Building IT into Construction

By Matt Villano
Fri, June 15, 2001

CIO — In the heart of Chicago’s Near North Side, on the corner of North and Sheffield streets, a half-finished eight-story building buzzes with life. On the ground level, men in hard hats and flannel shirts

work furiously to fight the clock and install windows. Up near the seventh floor, men weld, solder and hammer away, creating a cacophony that mutes honking cars on the streets below. At first glance, the whole project seems just like any other construction site?dirty, fragmented and remarkably low-tech. This building, however, is different.

In all, six architects, 40 engineers and more than 60 subcontractors will work on the $24.2 million retail-entertainment-residential project, and San Francisco-based architectural firm Gensler will coordinate their efforts through a local Web service that automates almost every aspect of the process using a collaborative, password-protected intranet. In the past, many of these contractors

would exchange blueprints and employment bids via fax or Federal Express. Today they use the Web to quickly upload and send information electronically.

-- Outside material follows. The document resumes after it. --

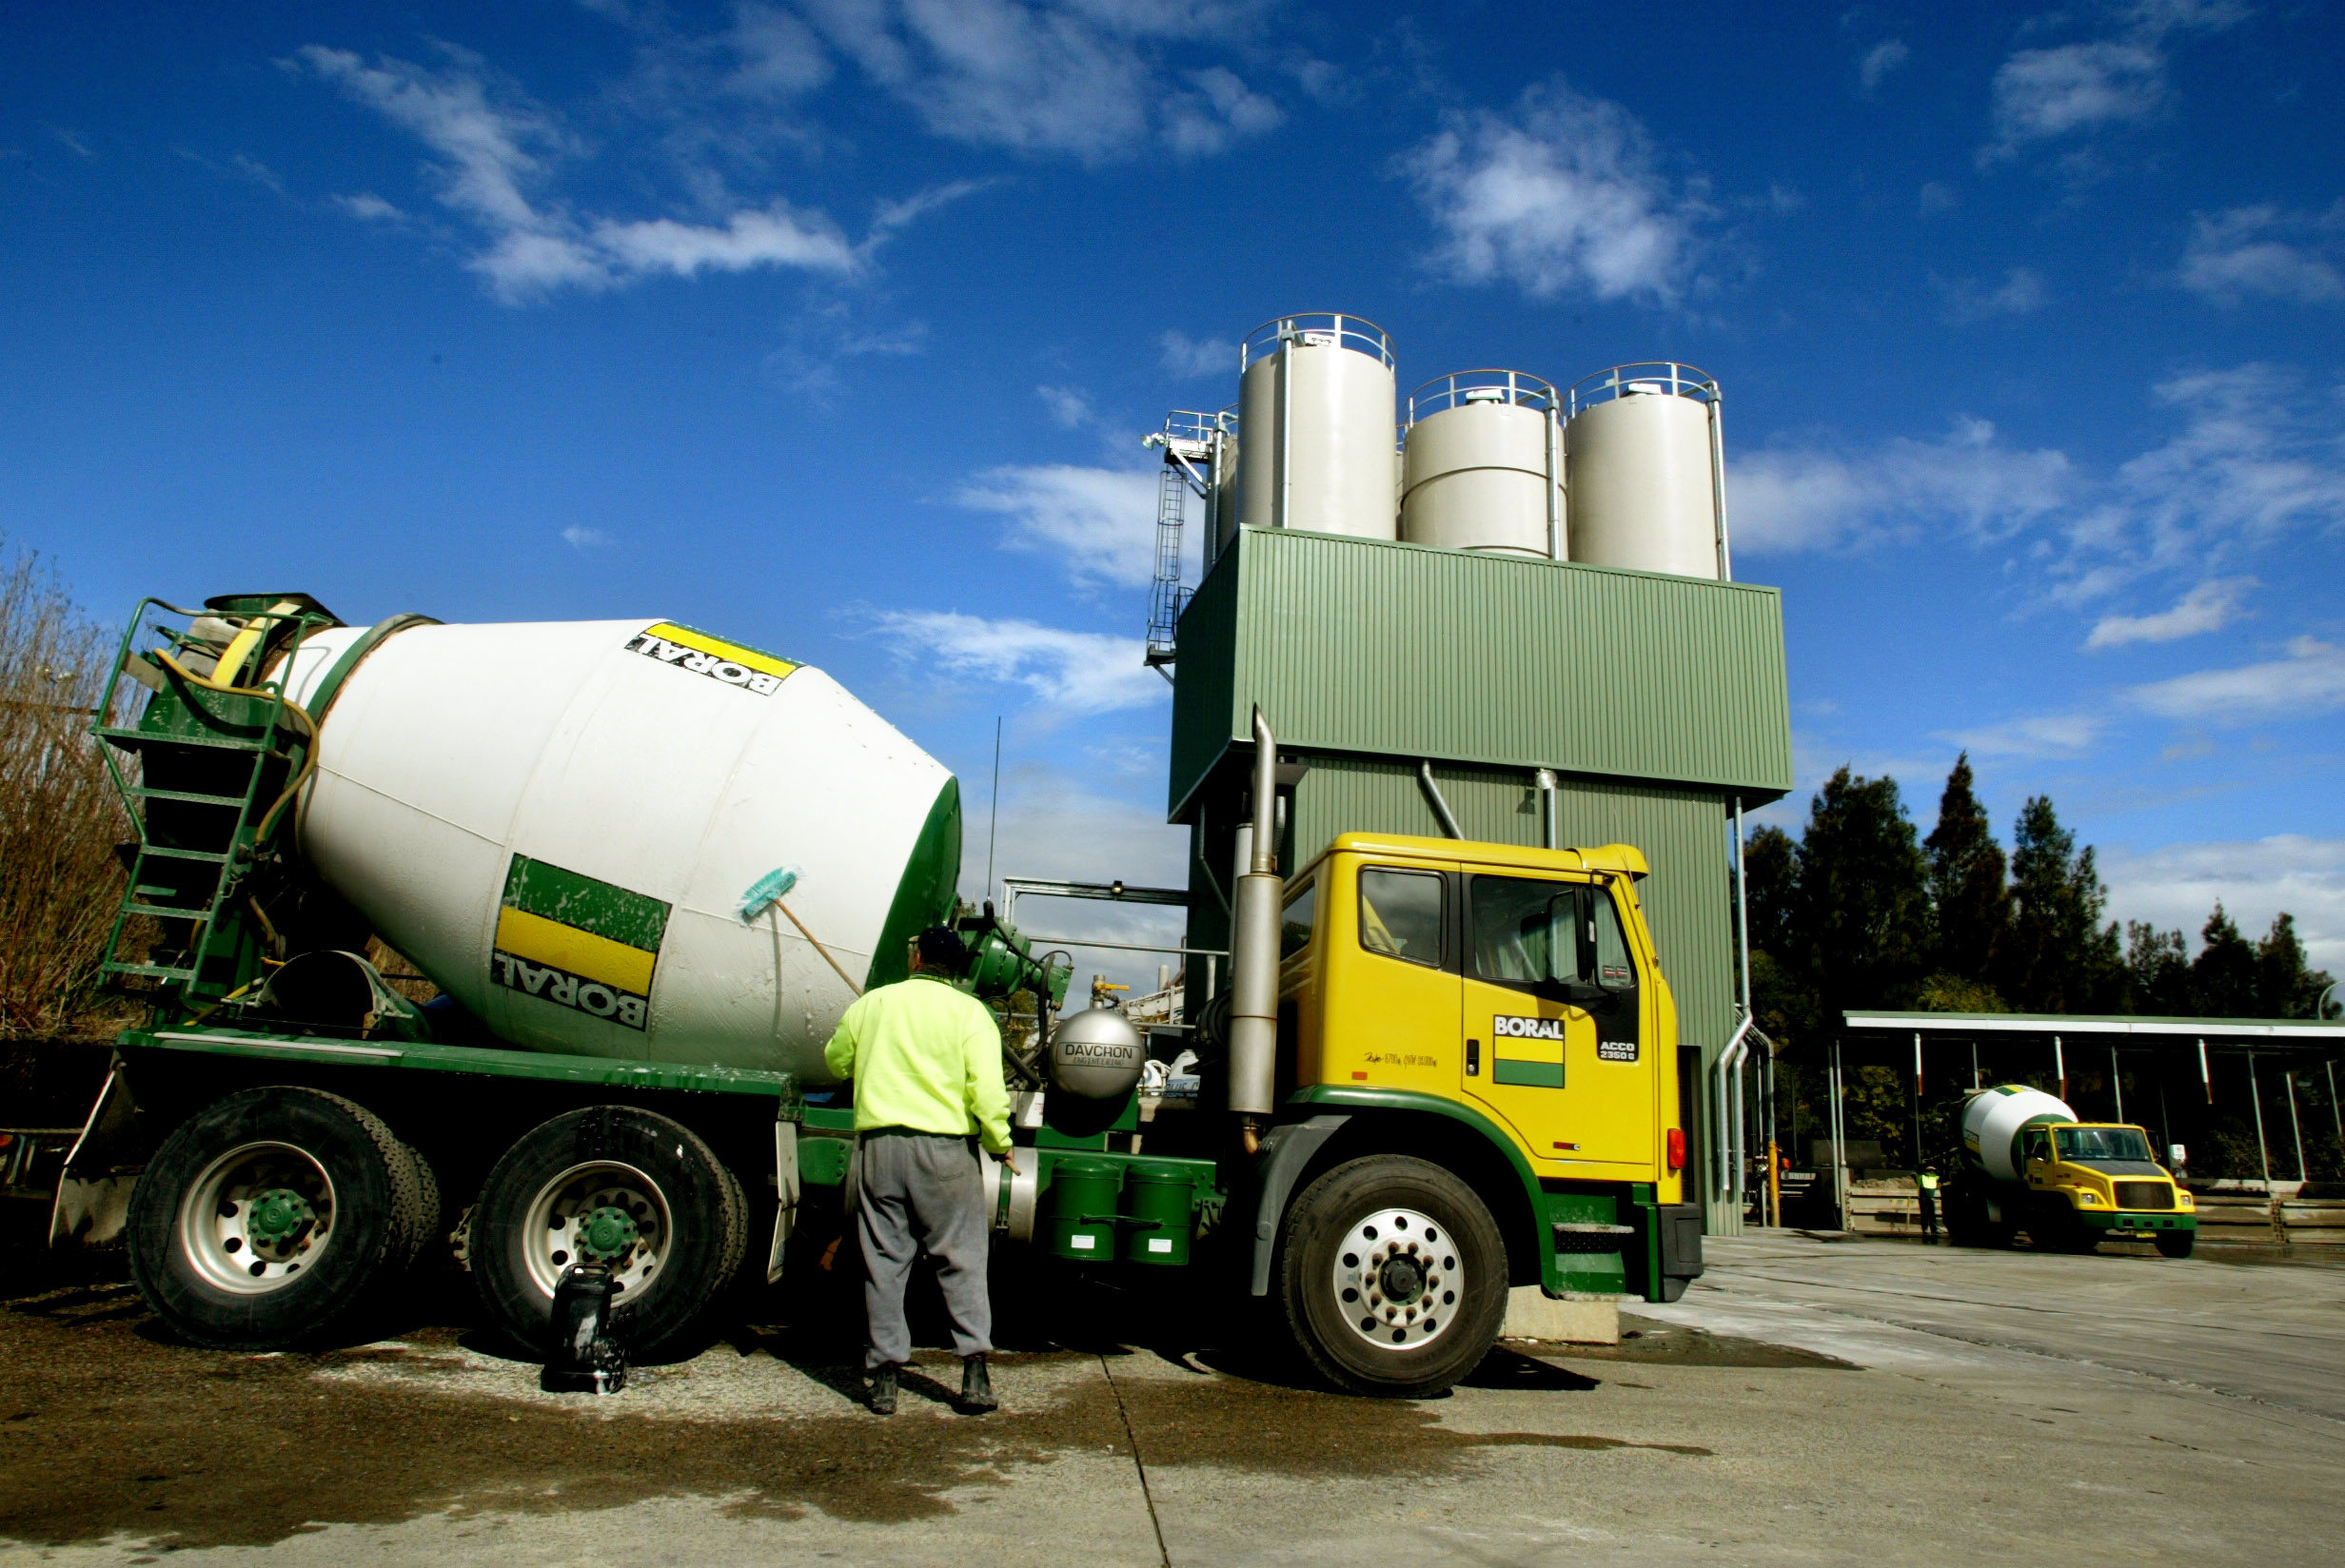 Boral Cement in Chullora, Australia, on August 17, 2004.

What’s more, says Gensler’s Chicago office CIO Randall Dolph, while subcontractors used to spend hours on the phone with suppliers ordering from catalogs, now they can connect to suppliers and order online. "This technology enables us to triple or quadruple the speed with which we can pull off a project," he says. "It’s like we’ve been waiting for this kind of improvement all our professional lives."

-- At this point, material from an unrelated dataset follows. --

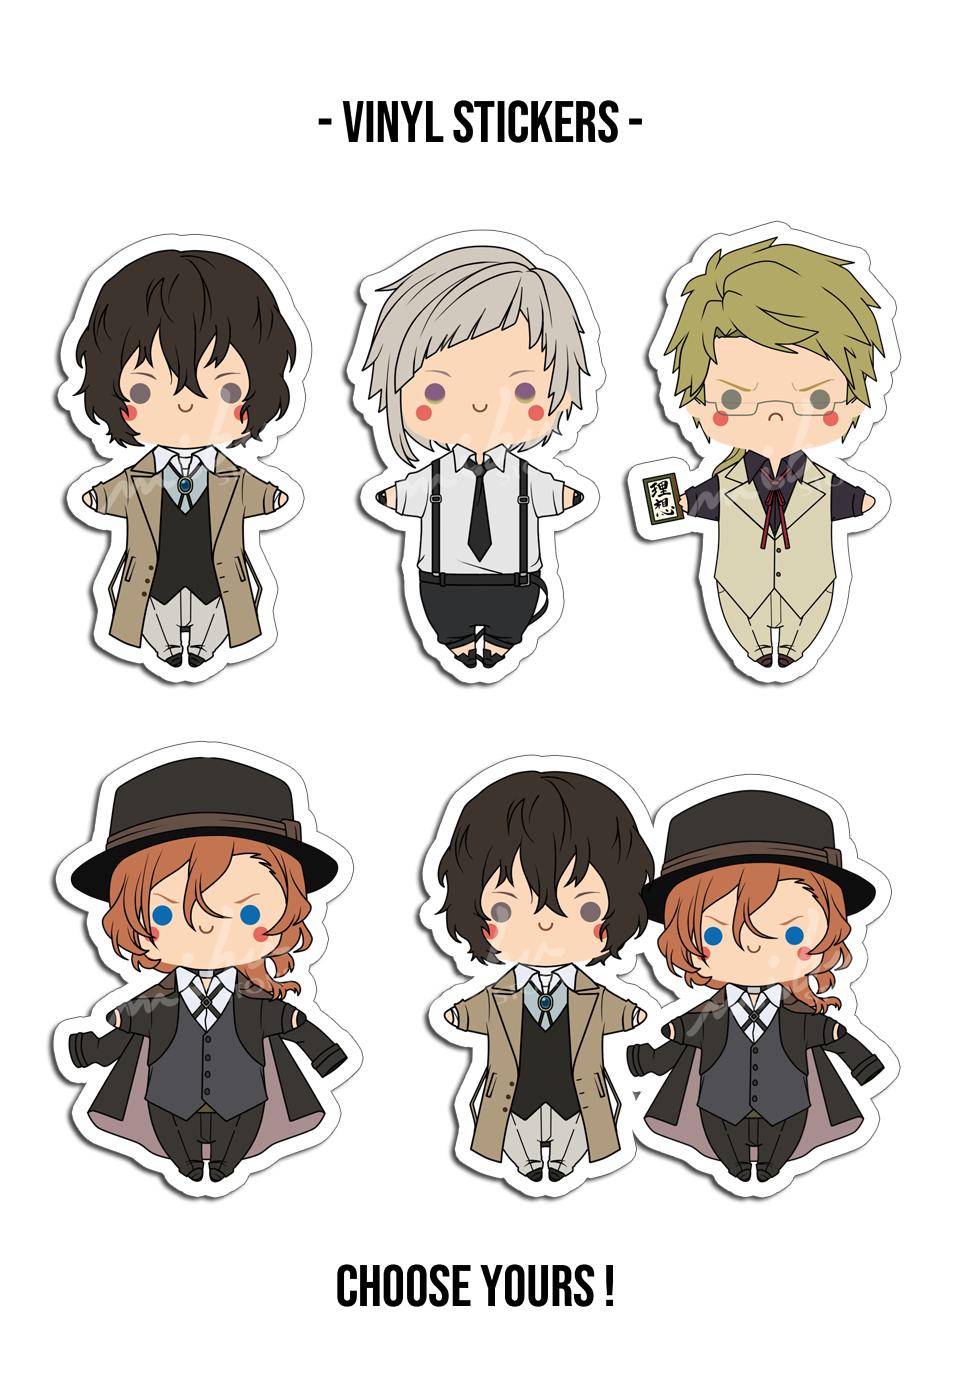 Bsd Vinyl Stickers Anime Stickers Print Stickers Stickers

Dolph discusses this new connective tech-nology the same way a proud father talks about his child. For the first time, superfast Web connectivity is available to the midsize and small players, like Gensler, and not just the big guys like Bechtel ($15.1 billion in revenue), the Houston-based global engineering and construction giant that has managed projects such as the $20 billion construction of Jubail Industrial City in Saudi Arabia. From design and planning to procurement and production, companies in every corner of the architecture, engineering and construction (AEC) industry are undergoing a foundation-to-roof renovation of the building process, rejuvenating traditionally low-tech approaches with Internet-enabled IT. At a handful of the biggest companies, CIOs have incorporated new, proprietary Web applications to reengineer the way they use data from the beginning. Smaller companies without big IT budgets have opted for outsourcing, relying on a number of new subscription-based Web tools to revolutionize cooperation and collaboration in virtual space.

These changes appear to be working wonders. Days, even weeks, are being shaved from project schedules. In an industry where paper-thin profit margins of 1 percent and 2 percent have been attributed to fragmentation, performance improvements have resulted in significant cost savings overall.